Neptun is a summer resort on the Romanian seacoast, on the Black Sea,  north of Mangalia. It is part of a string of such resorts, Olimp, Jupiter, Cap Aurora, and Venus.

History
Neptun hosts the summer residence of the president, Nufărul (English: The Water Lily).

Built in 1972, it is owned by the Importanne Resort corporation. Located on a beach called "At the flags" (Romanian: La steaguri).

Tourist attractions 
People can go camping, watch open air cinema, play minigolf in one of the 2 minigolf fields, go to nautic sports sites.

Restaurants show a large variety of culinary preparations, with fish specialities, prices for a 1-person meal being under 45 Euros.
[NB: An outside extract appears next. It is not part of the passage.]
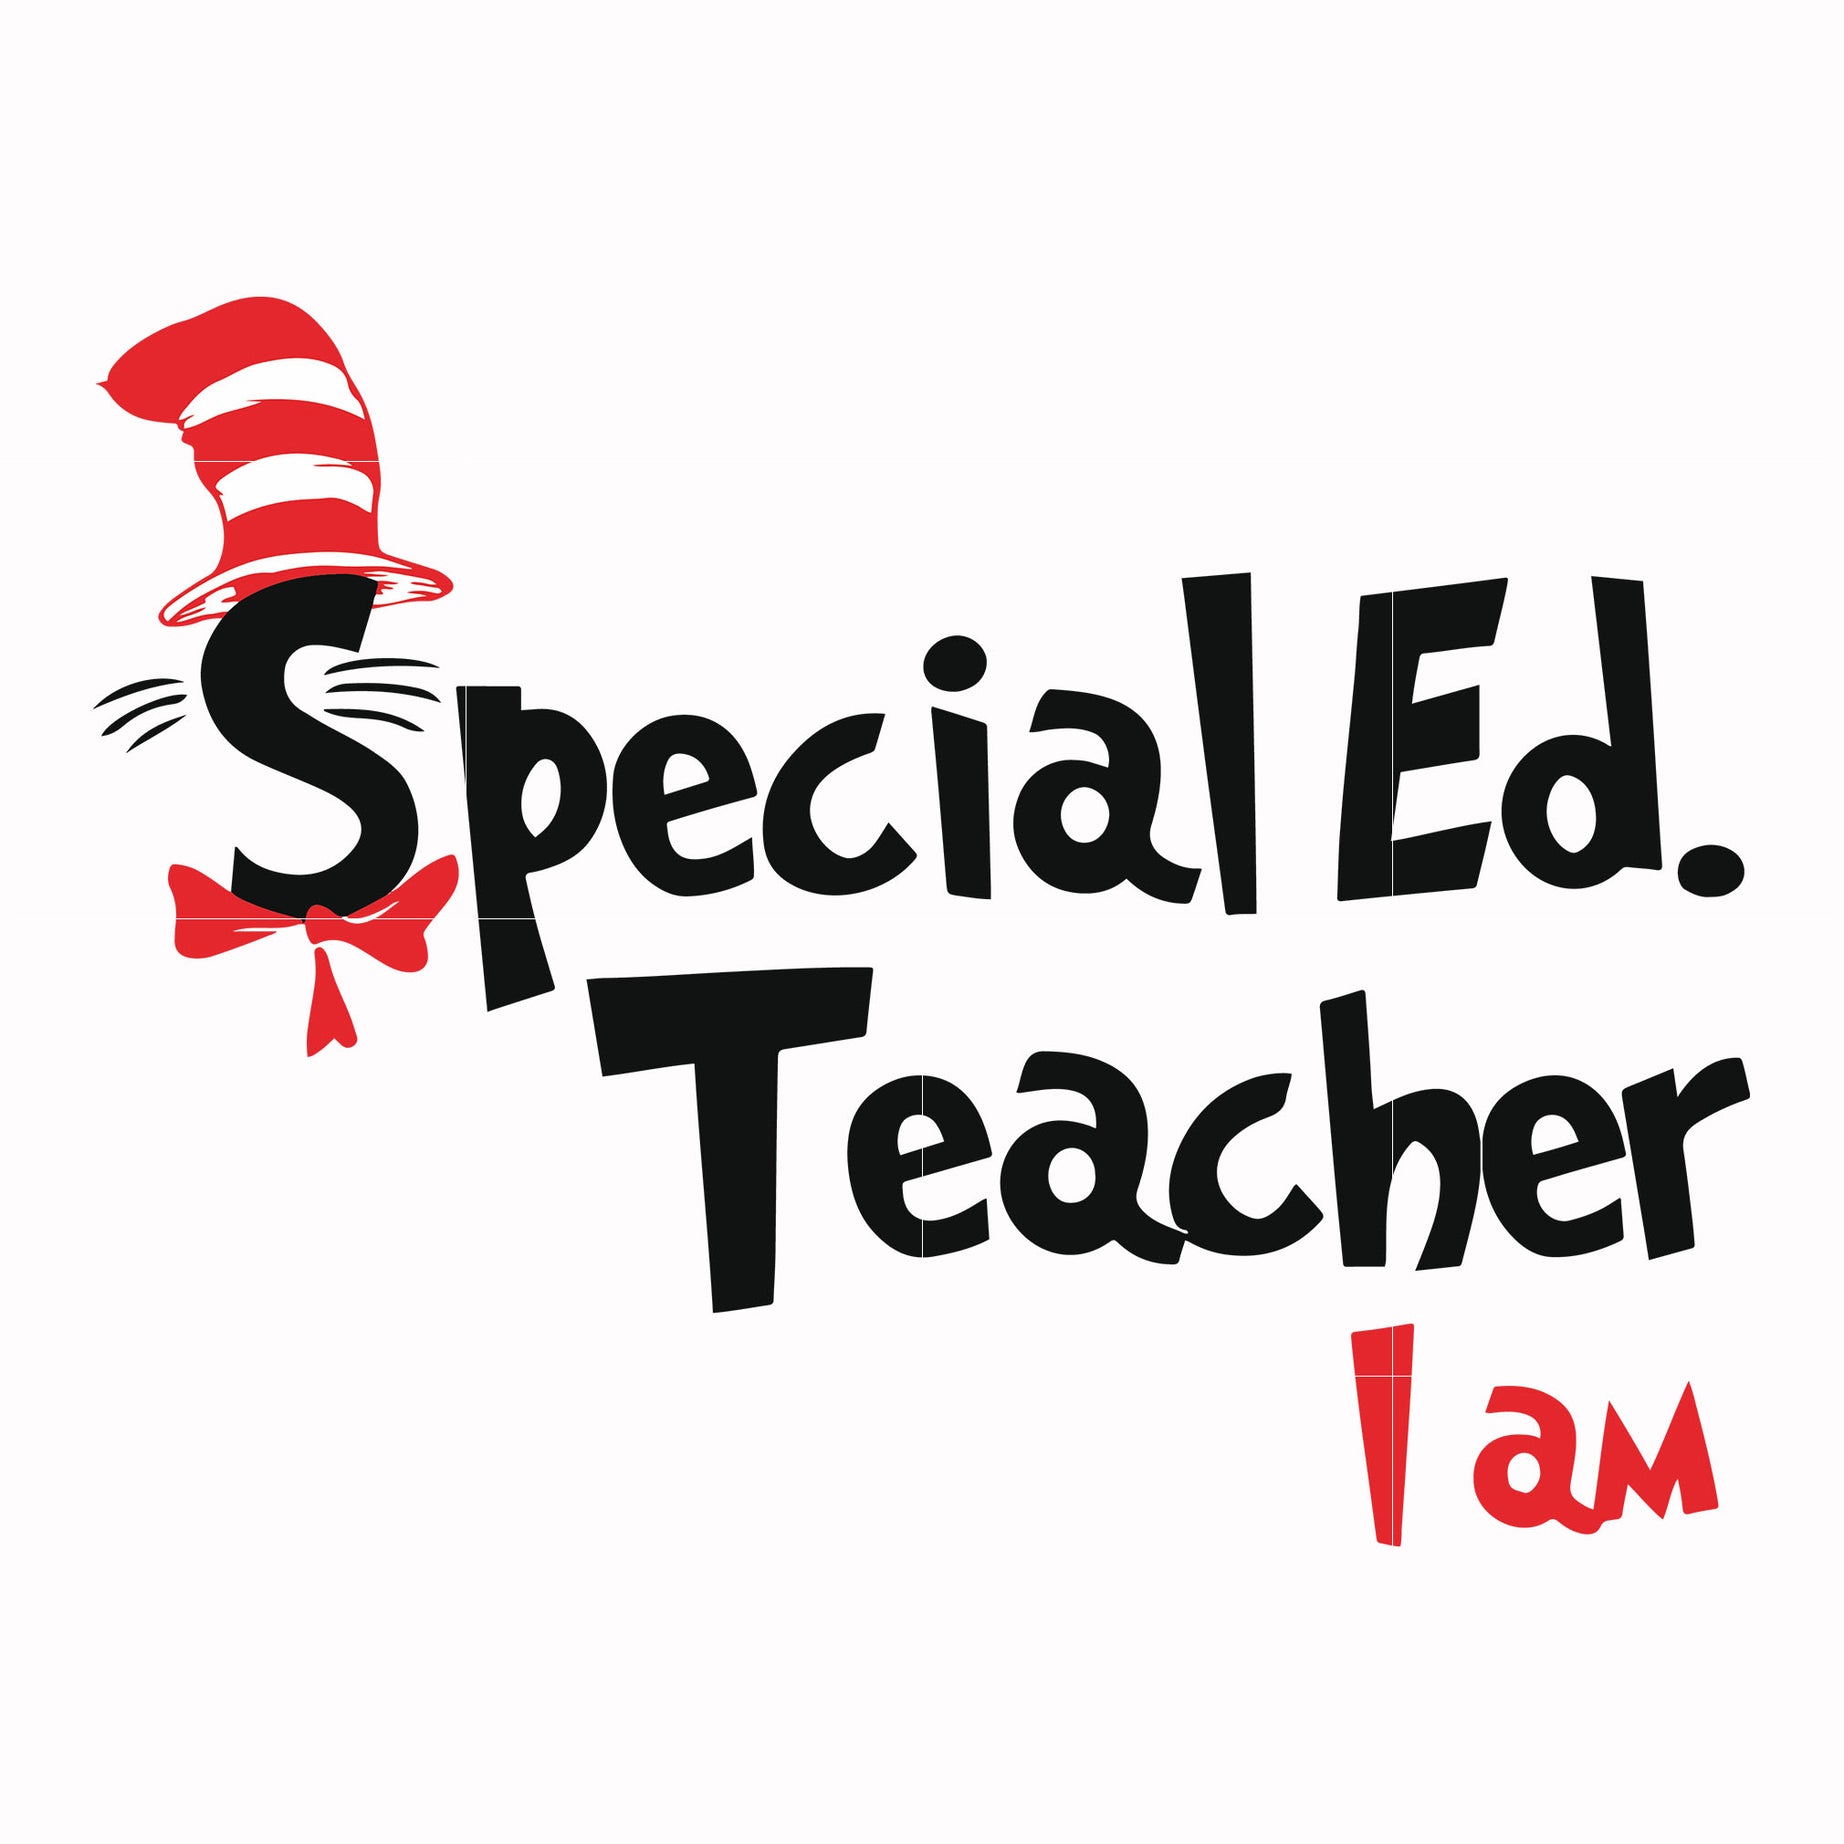 Special Ed teacher I am svg, png, dxf, eps file DR00062

Here you can treat degenerative, inflammatory and diarthritic rheumatic diseases, post-traumatic states, diseases of the peripheral nervous system, dermatological diseases, respiratory and other disorders.

Climate 
The marine climate has hot summers (the average temperature in June being over 22 Celsius, most of the days being sunny, and winters being gentle with rare snows. The average temperature being 11.2 Celsius, and rains are low (under 400 mm yearly).

Personalities
 Inna - Romanian singer, winner of two MTV Europe Music Awards and best-selling music act from Eastern Europe of the current decade.